A trademark is a symbol that serves to notify a consumer of the source of a product, service, trade organization, or certification authority. Such marks are technically referred to, respectively, as trademarks, service marks, collective marks, and certification marks. However, trademark and mark are used to refer to all types of marks generally.
There are few limits on what can serve as a mark; for example, words, logos, slogan, letter, number, sound, color, or perhaps even a smell as long as it serves to identify source to consumers. Rights in a particular mark arise from use of the mark in commerce. Accordingly, a company that made extensive use of a slogan has rights in that slogan even if the company has not registered the slogan.
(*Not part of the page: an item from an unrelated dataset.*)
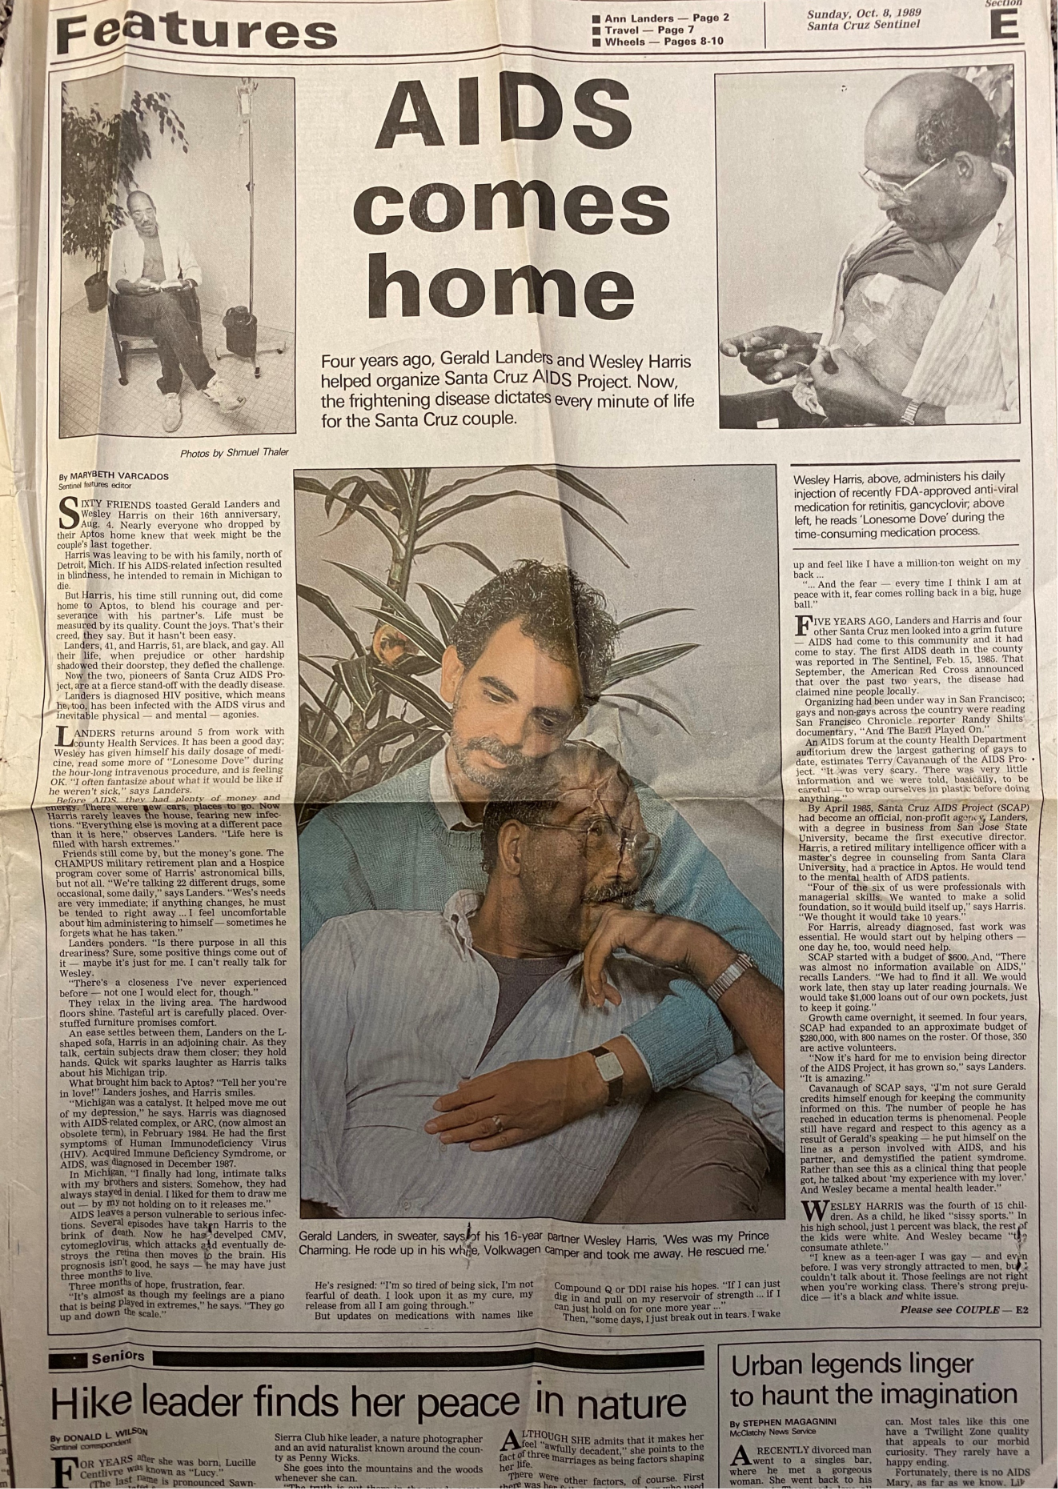 AIDS Comes Home newspaper article.

However, registration provides certain significant advantages as discussed herein.
The underlying purpose of trademark law is to prevent consumer confusion; i.e., if a mechanic buys a set of tools that are labeled “Craftsman,” those tools should be genuine Craftsman product, and not a knockoff. Accordingly, to serve this underlying purpose, a trademark must be distinctive – an identifier that is generic or merely descriptive will generally not qualify as a trademark. Certain words or phrases are presumed to lack distinctiveness – for example, geographical locations, surnames, nonsensical words or combinations of letters and numbers, and very short marks are presumed to lack distinctiveness in certain countries. However, none of these are per se bars to obtaining a mark – even if a mark encompasses one or more of these traits, protection may still be obtainable.